About a third of globally donated clothes make their way via wholesale rag houses to sub-Saharan Africa, where they end up lining the streets or filling small boutiques. Hawkers say Christmas time, when westerners flock to offload clothes to charity shops, brings in the biggest bales. The lucrative industry has even spawned fake charity clothes collectors in the west.
But critics say the billion-dollar trade risks swamping fragile domestic textiles markets, and 12 countries in Africa are among 31 globally that have now banned their import.
"The only way I survived was to start making Muslim women's clothes," said tailor Bema Sidibe from Ivory Coast, where around 20 tonnes of secondhand clothes flooded the country last year. In neighbouring Ghana, 10 times that amount arrive in an average year. "Muslim women don't go for these western-influenced clothes and around traditional feast days you are guaranteed a few new outfits will be ordered," Sidibe said.
The influx of cheap clothes has heaped pressure on an industry already struggling to adapt to changing fashions amid patchy infrastructure. During his presidency in Ghana, John Kufuor introduced national "Friday wear day" to encourage citizens to wear traditional clothes made using the jewel-coloured wax fabrics associated with African garments.
For many though, the trade allows clothes to be bought and sold cheaply and provides desperately needed jobs.
Increasingly, taste as well as necessity has come into play. Picking through Kemoh's roadside cabin jammed between crumbling colonial buildings and corrugated-zinc shacks, bargain-hunter Fatima rifles through Gucci castoffs. "You can buy even cheaper Chinese ready-mades, but then you look like everybody else. Here I can find designer clothes no one else has," she said, sporting a rainbow-coloured mohican haircut.
A roaring trade continues across Africa, from Ghana's thriving "faux" markets to Nigeria's "bend down" boutiques.
Each month, using shipping containers supposedly full of cars, a network of traffickers, including Chidi Ugwe, smuggles around 1.5 tonnes of clothes to Nigeria's sprawling Katangua market, the largest flea market in the country.
"Most of the clothes land in smaller countries like Togo and Benin and then we get them to Nigeria. We call them flying goods, because they fly into the country without being seen," Ugwe, a former customs officer, said, while thousands of shoppers thronged through the narrow market streets.

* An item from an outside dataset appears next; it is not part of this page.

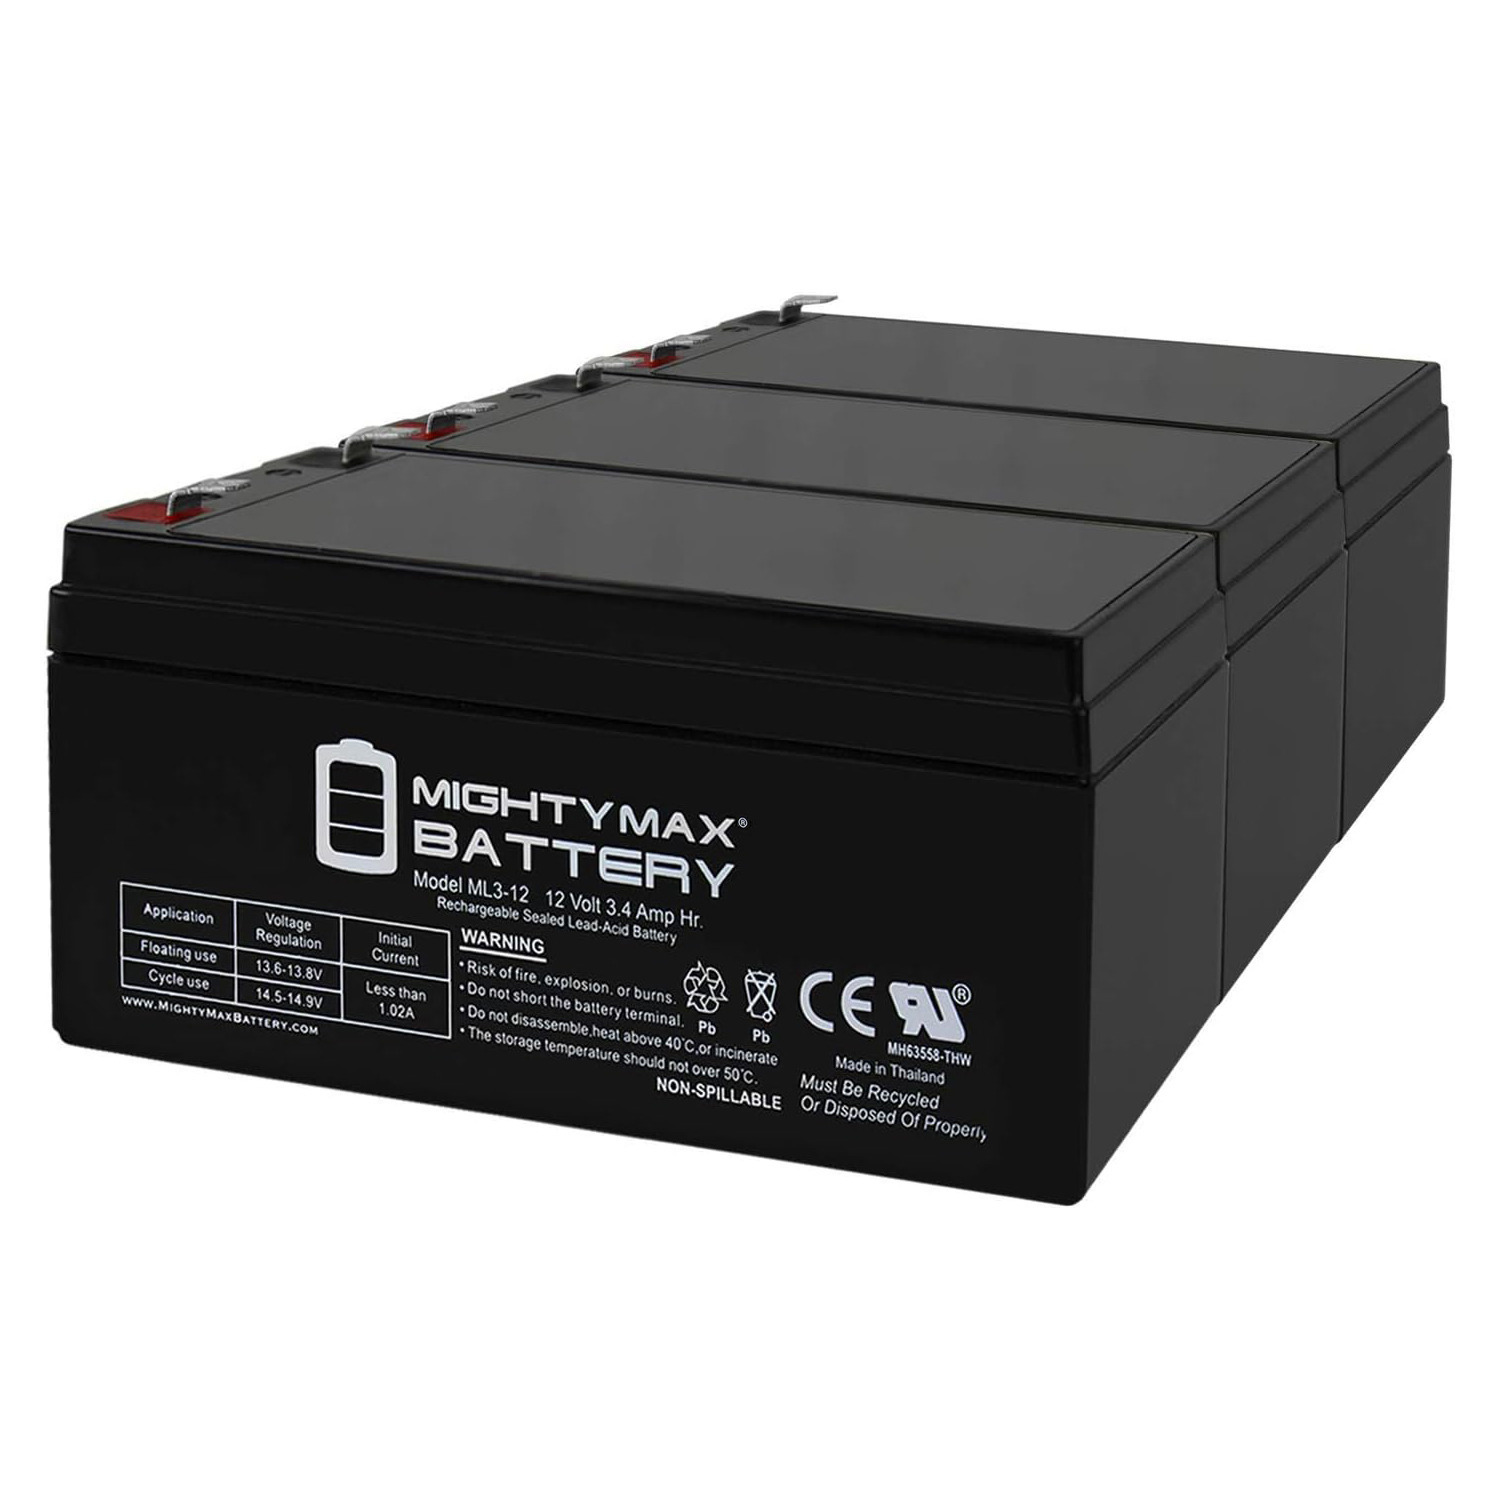 ML3-12 - 12V 3AH Replacement Battery for Yuasa NP3.4-12, NP 3.4-12 Btty - 3 Pack
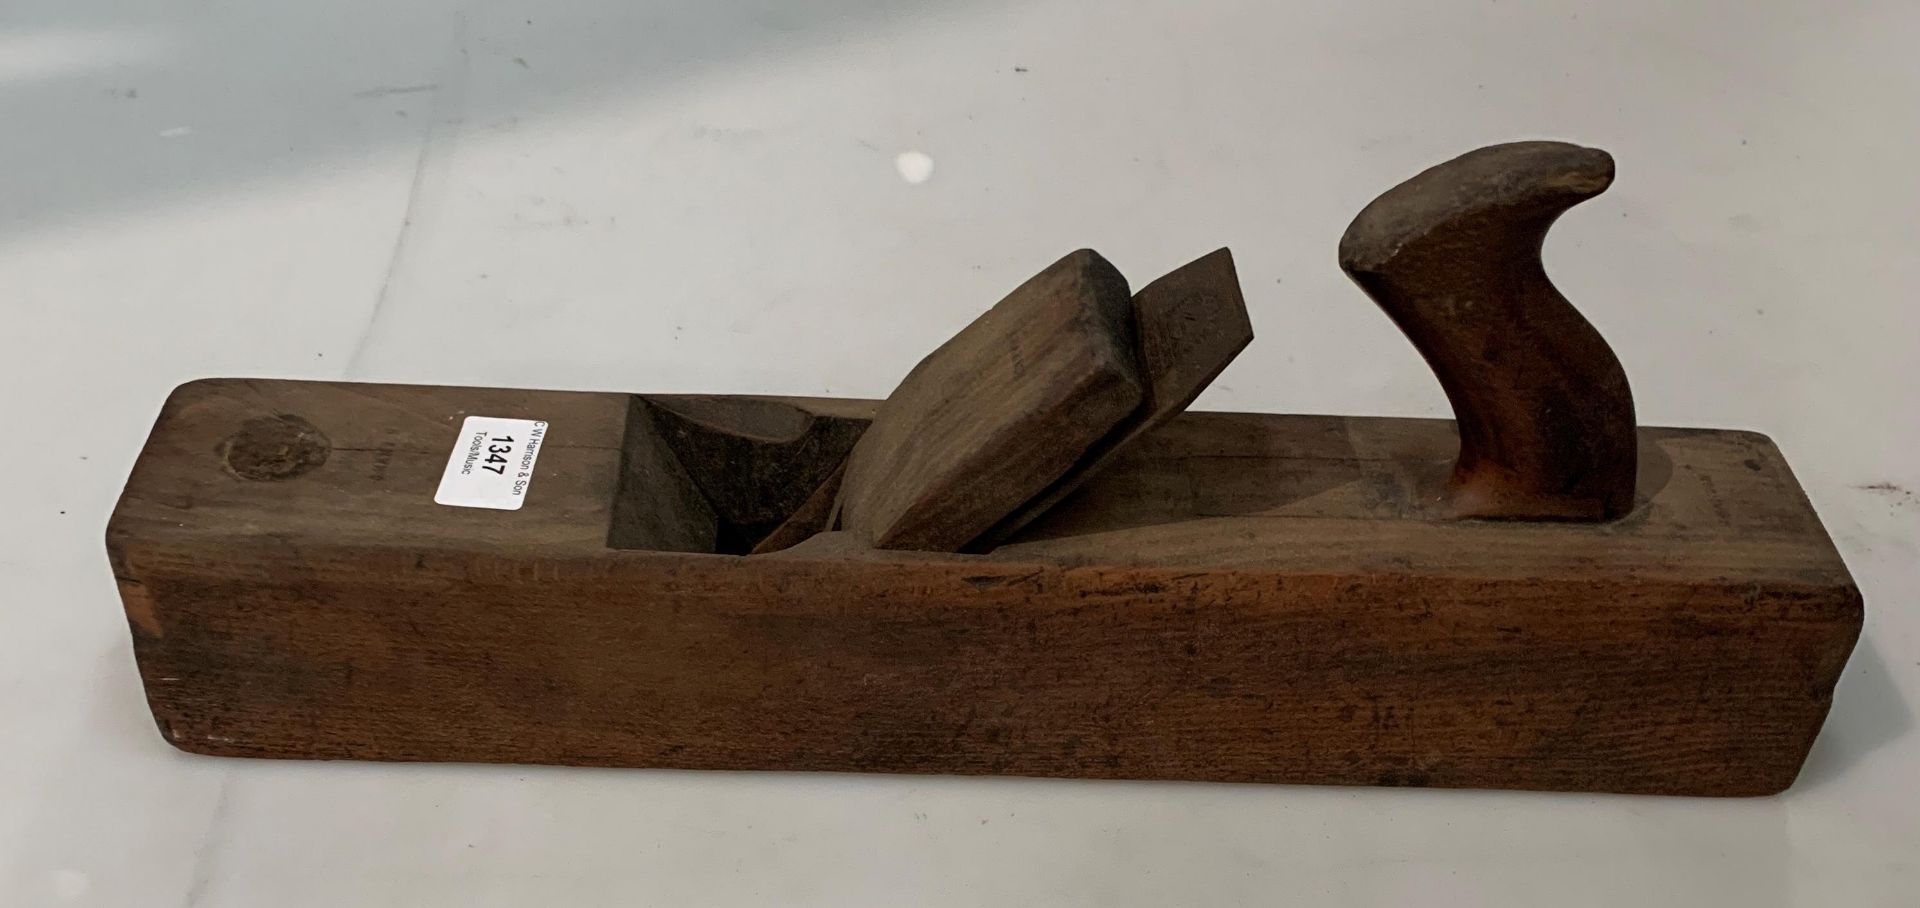 Large wood block/jointing plane blade stamped Aaron Hilditch Warranted,

The clothes mostly come from Europe, although relatively affluent countries in Asia also provide a steady trickle. So popular are the clothes in Katangua market that thousands of small-time traders also bribe border officials to bring in their own bales.
"We call our shops 'bend down' boutiques because we have so many clothes we just pour them on the floor and you just bend down and select," explained Mercy Azbuike, surrounded by piles of clothes overflowing from her wooden shack and piled into wheelbarrows outside.
"Even those selling clothes in boutiques [proper stores] are buying from us," said Azbuike, who also travels to neighbouring Benin twice a month to replenish her stock.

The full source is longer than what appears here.